AIM OF THE EXERCISE: Reproduce the listing below exactly, minus its pictures.

***** DATA *****

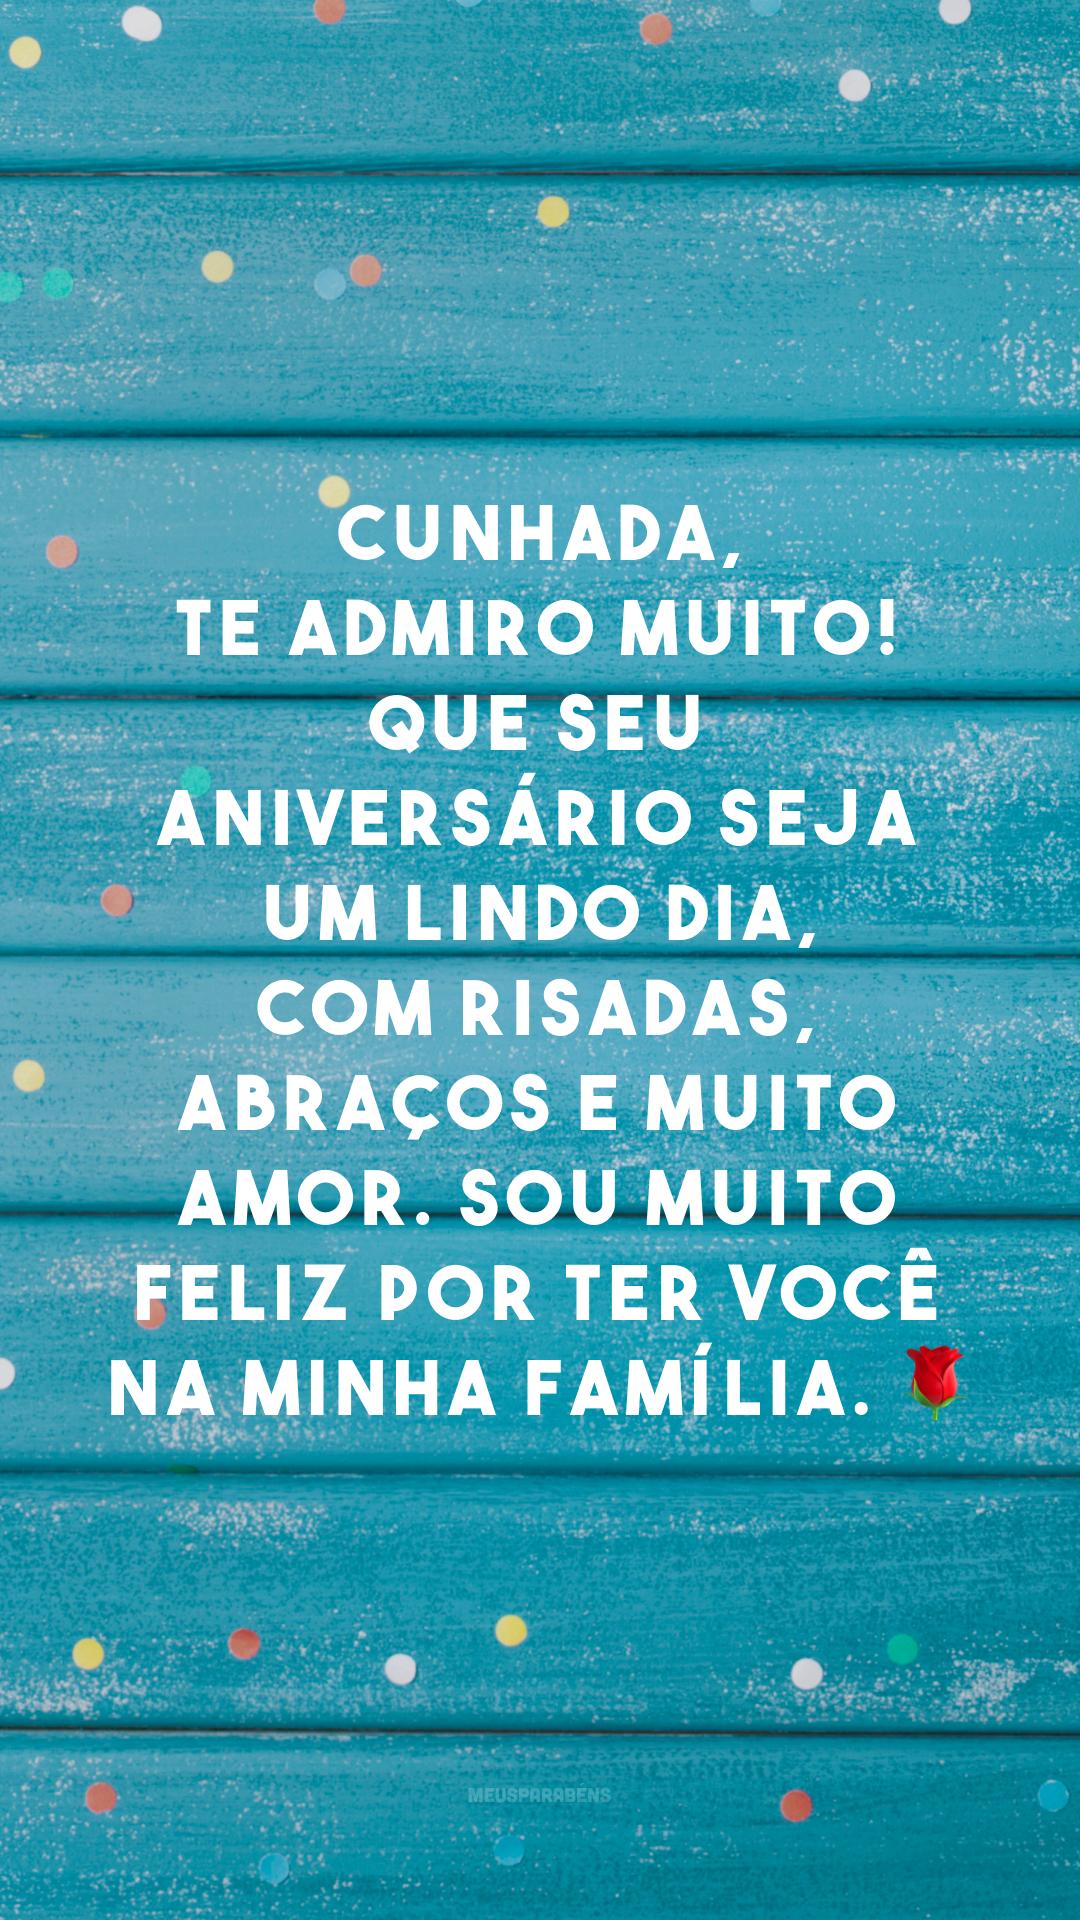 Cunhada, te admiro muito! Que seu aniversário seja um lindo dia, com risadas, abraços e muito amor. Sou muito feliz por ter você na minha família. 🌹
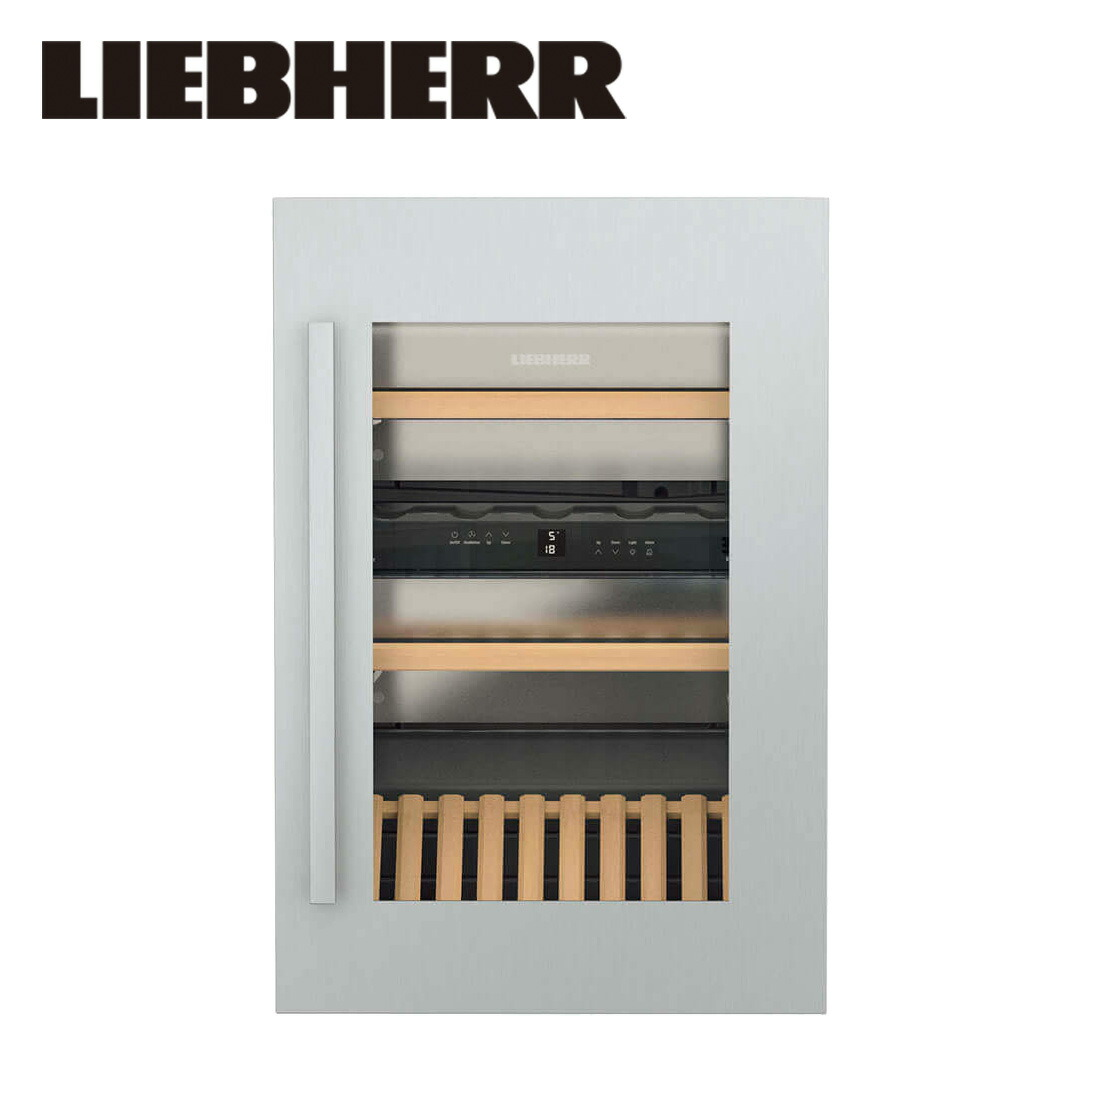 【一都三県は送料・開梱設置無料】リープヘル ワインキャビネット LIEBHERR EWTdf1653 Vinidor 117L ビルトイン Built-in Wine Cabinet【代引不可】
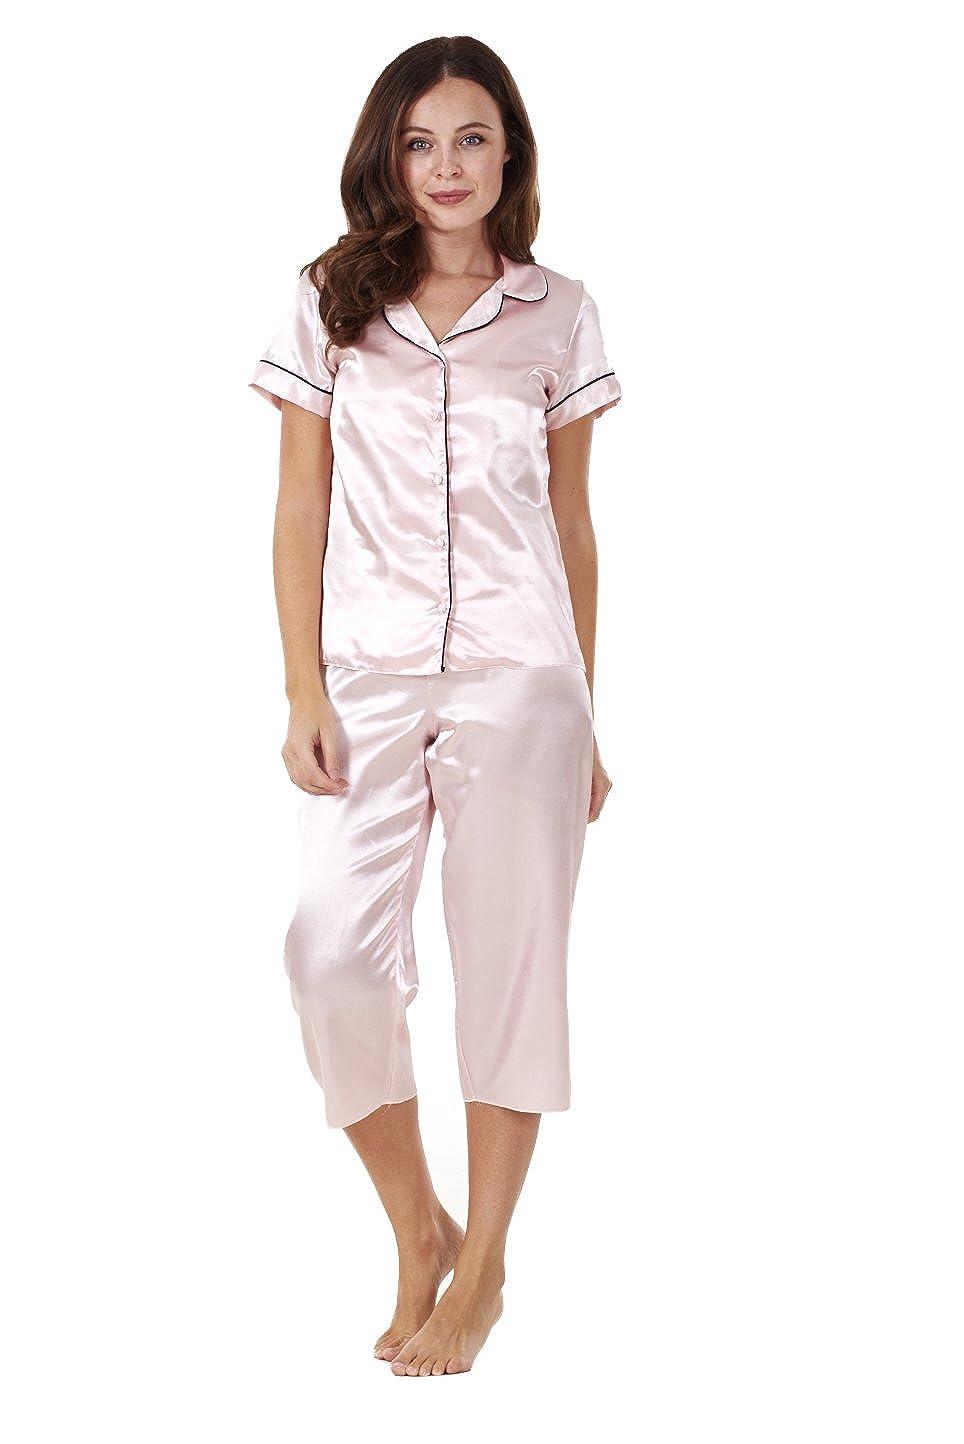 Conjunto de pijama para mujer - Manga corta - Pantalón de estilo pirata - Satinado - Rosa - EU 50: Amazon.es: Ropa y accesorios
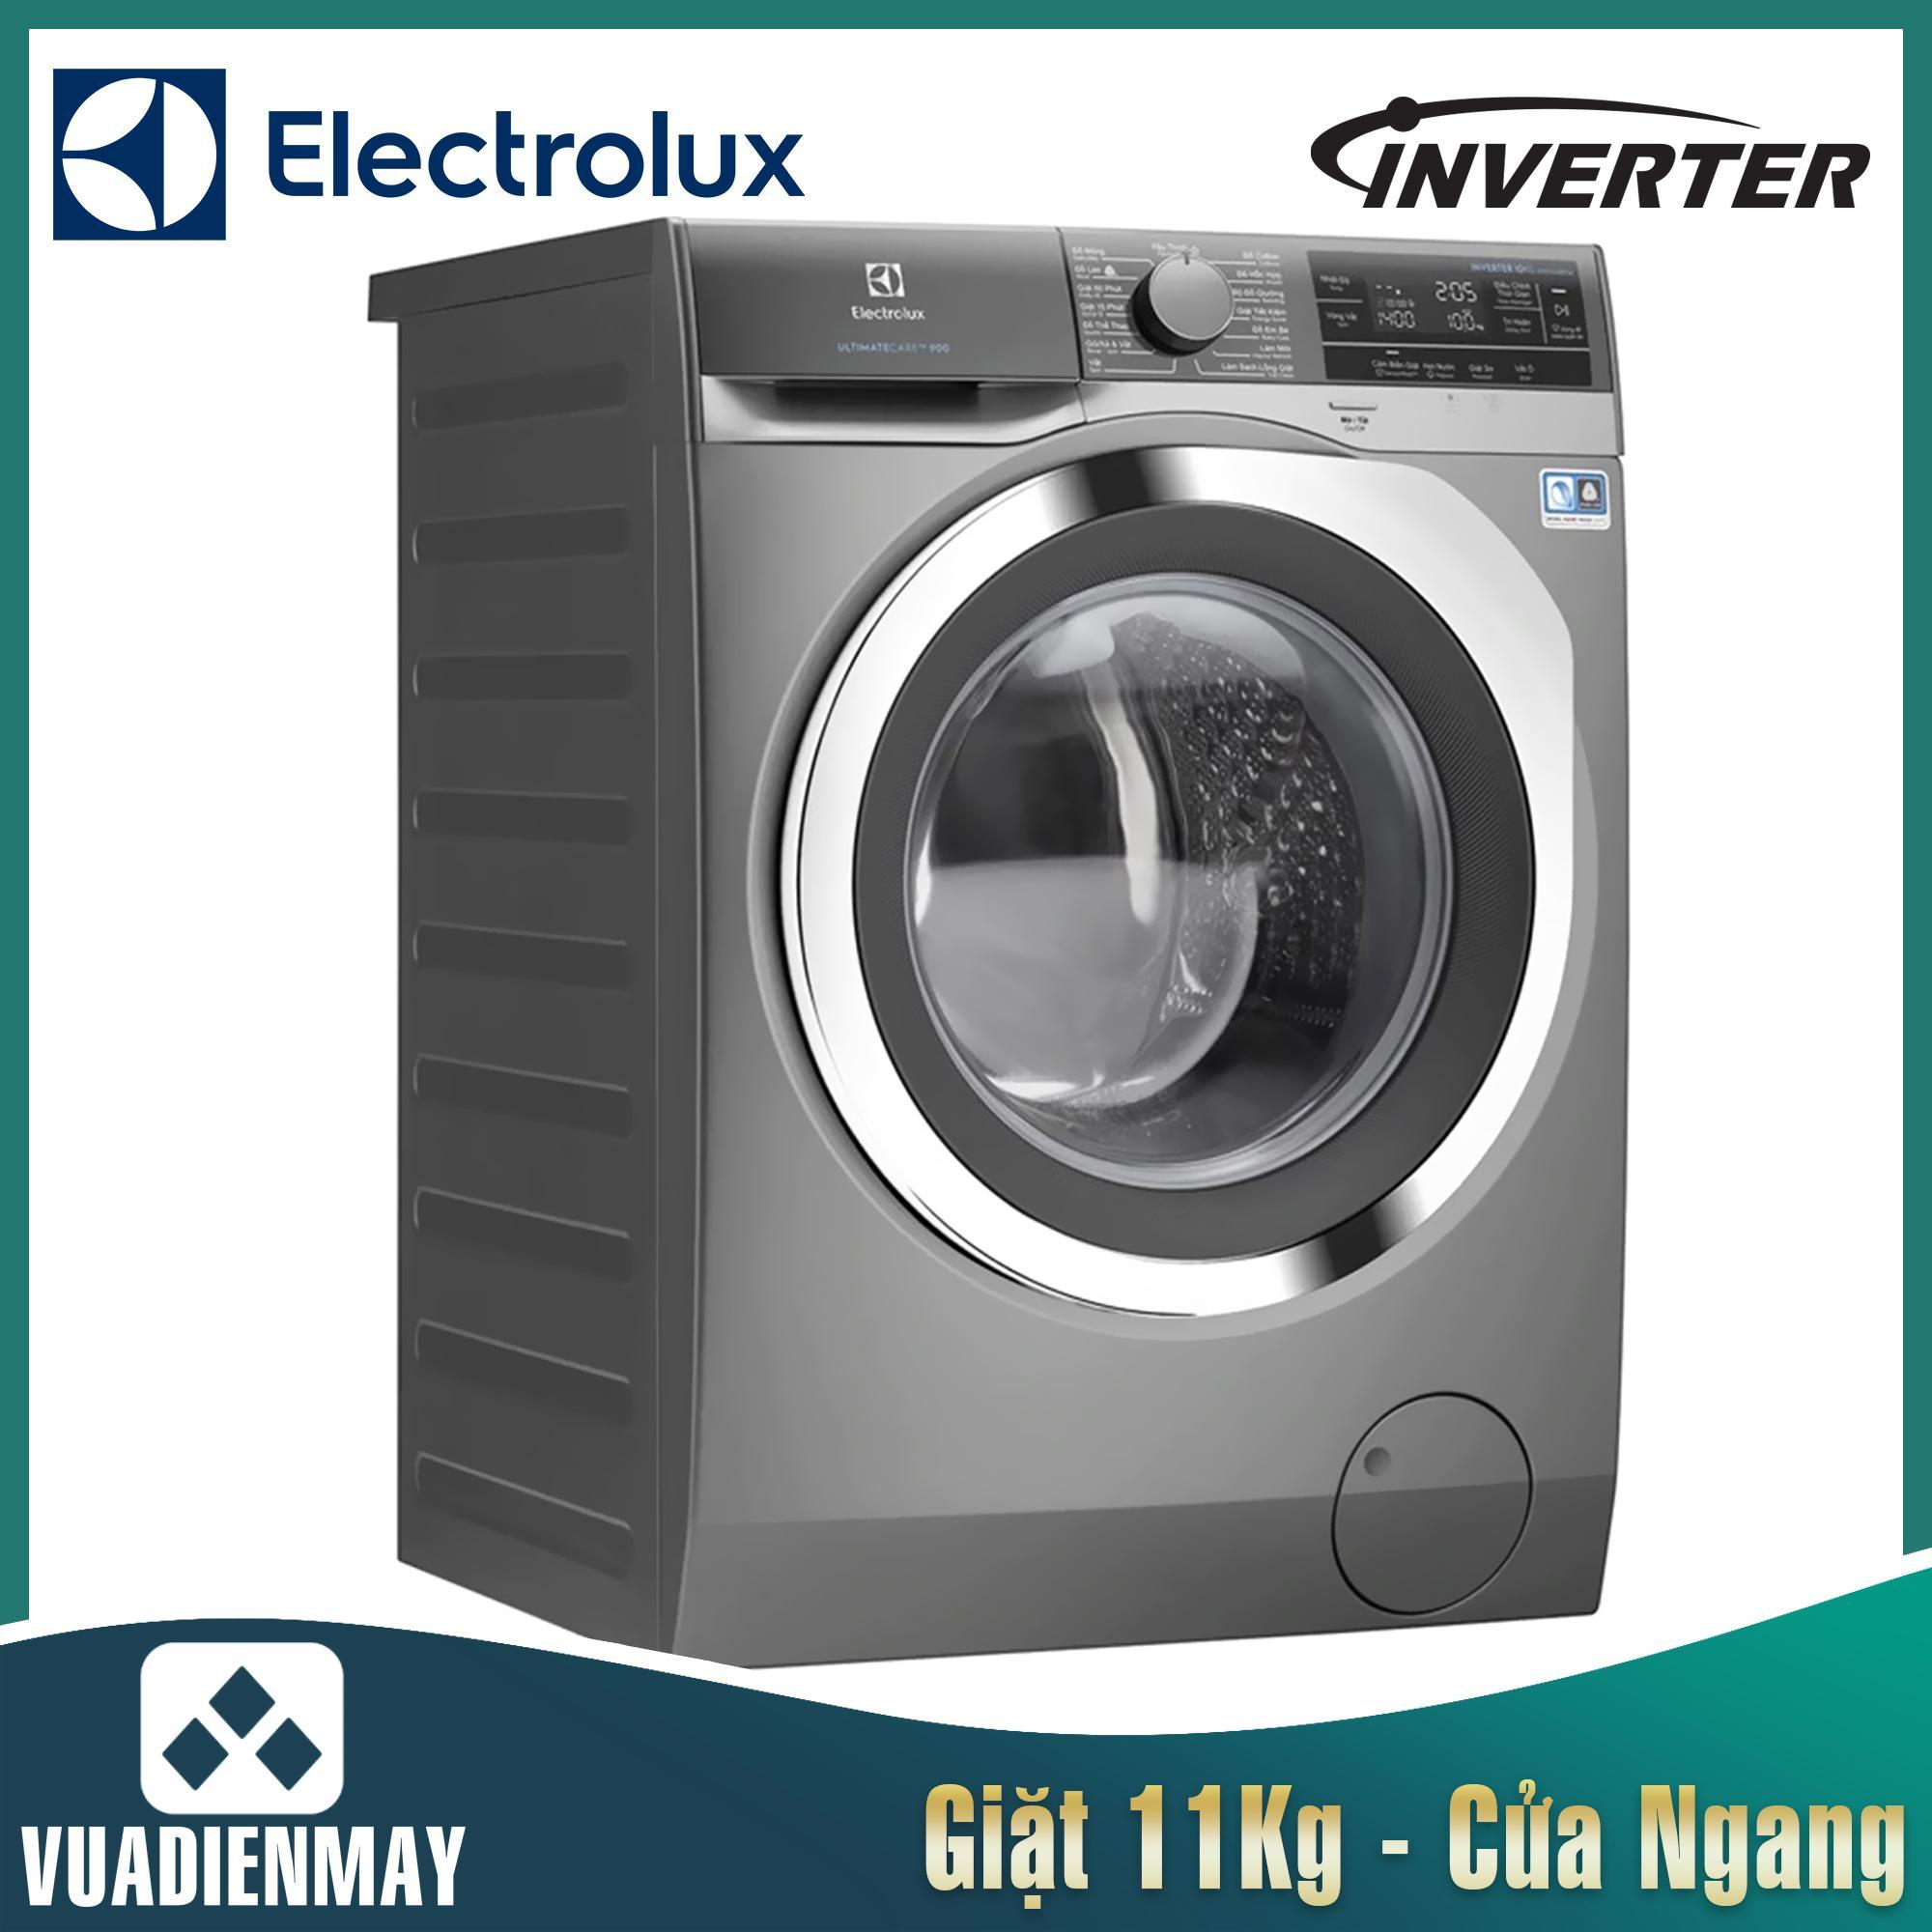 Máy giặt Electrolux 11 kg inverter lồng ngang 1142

*****

ANSWER SECTION:
 Cunhada, te admiro muito! Que seu aniversário seja um lindo dia, com risadas, abraços e muito amor. Sou muito feliz por ter você na minha família. 🌹
 【一都三県は送料・開梱設置無料】リープヘル ワインキャビネット LIEBHERR EWTdf1653 Vinidor 117L ビルトイン Built-in Wine Cabinet【代引不可】
 Conjunto de pijama para mujer - Manga corta - Pantalón de estilo pirata - Satinado - Rosa - EU 50: Amazon.es: Ropa y accesorios
 Máy giặt Electrolux 11 kg inverter lồng ngang 1142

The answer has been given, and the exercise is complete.